TJX Cos. (TJX.N), which owns the Marshalls and TJ Maxx chains, gave investors a hat-trick of good news, including a boosted dividend, planned stock buybacks and same-store sales that beat during the critical holiday quarter.

The company exceeded expectations on comparable sales, a closely watched measure in retail, which came in at 6 per cent in the fourth quarter, exceeding analysts’ 3.5 per cent estimate, according to Consensus Metrix. It forecast 2 to 3 percent same-store sales growth in the coming year, plus earnings per share about in line with analyst estimates.

Key Insights

Chief Executive Officer Ernie Herrman had said heading into the Christmas period that the off-price chain was focusing on gifting and marketing campaigns. It seems the spending paid off: Rising customer traffic was the “primary driver” behind the sales increases in every division, TJX said Wednesday.
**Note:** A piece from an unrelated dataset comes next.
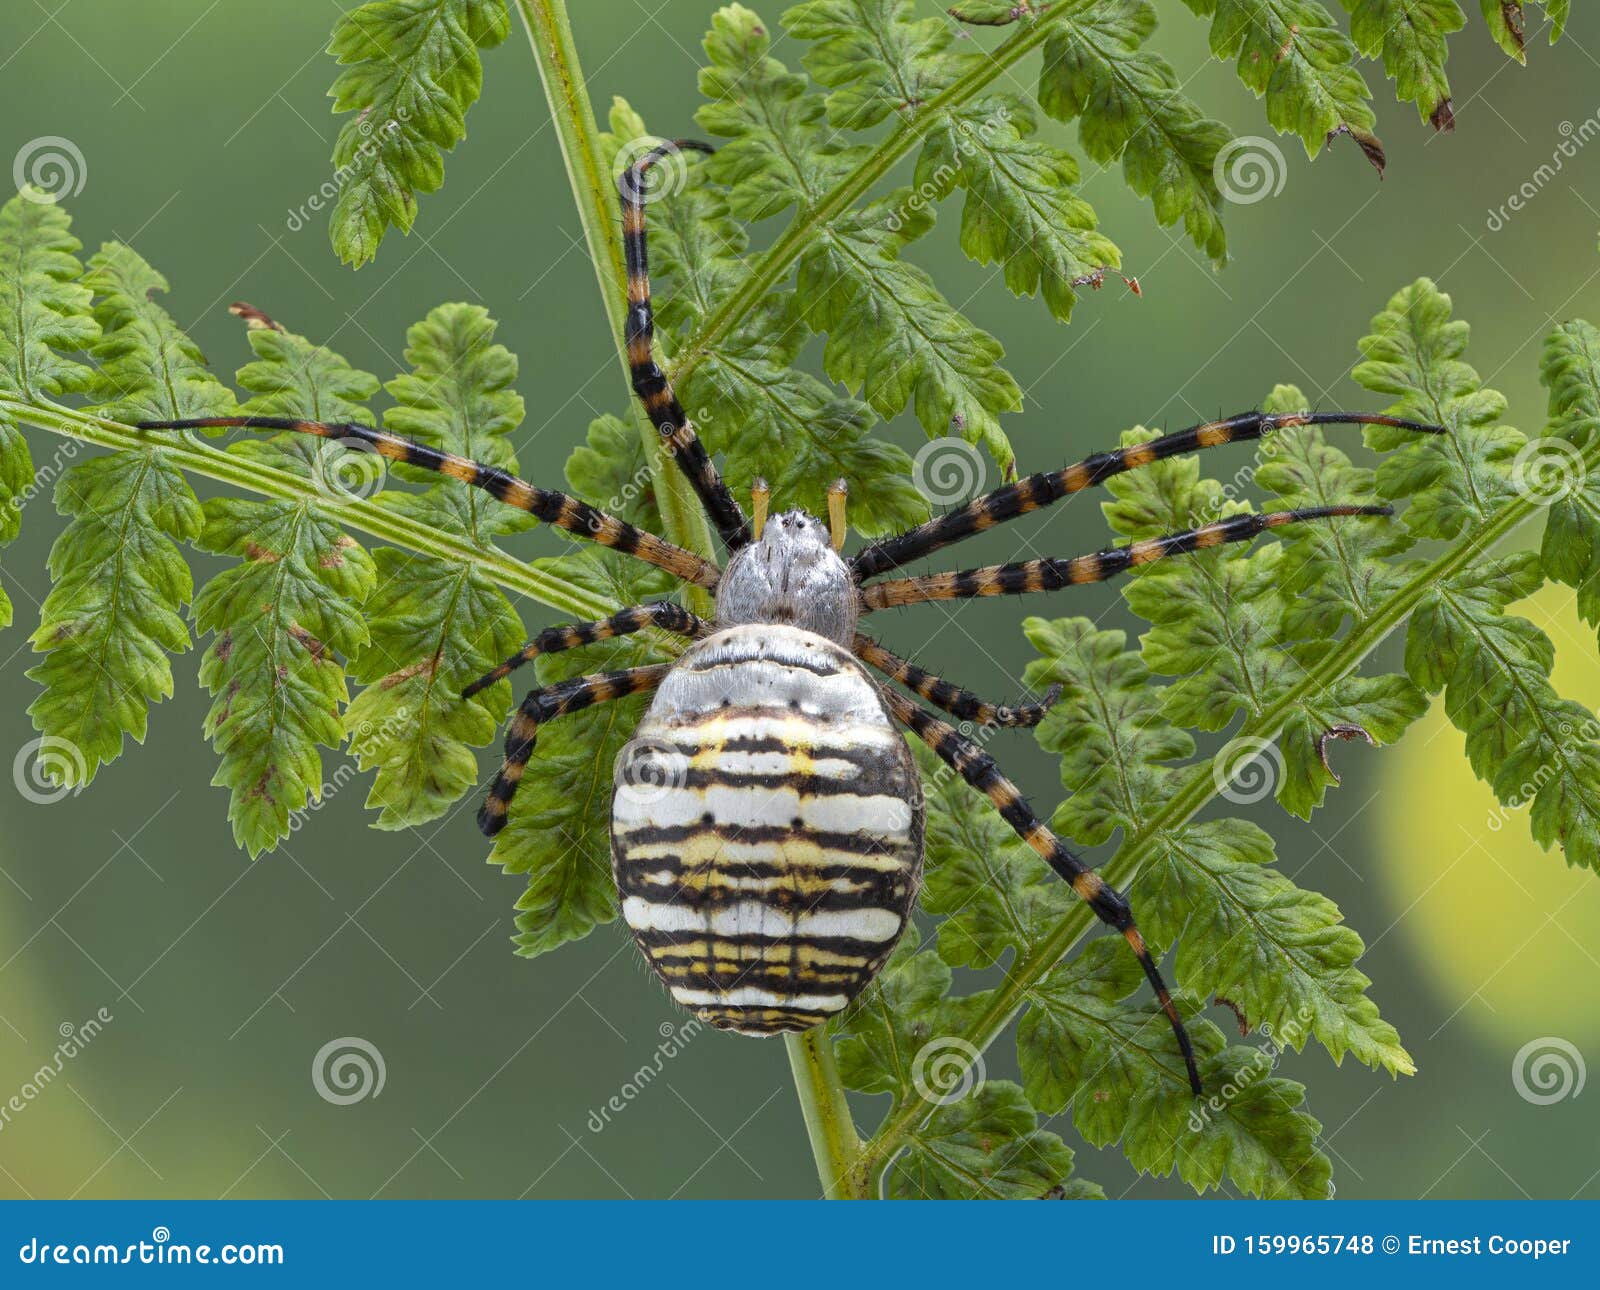 D102 P1010044 Banded Garden Spider Argiope Trifasciata Copyright

After the better-than-expected end to the fiscal year, the company said it plans to boost its dividend by 18 per cent and repurchase as much as US$2.25 billion of stock this year. The company also plans to invest in the business, with new stores and remodels a priority in this coming year’s budget.

Still, the company is facing the same headwinds as other retailers, including soaring freight costs and rising worker wages that are weighing down margins.

Market Reaction

-Shares rose 2.9 per cent as of 8:47 a.m. in New York.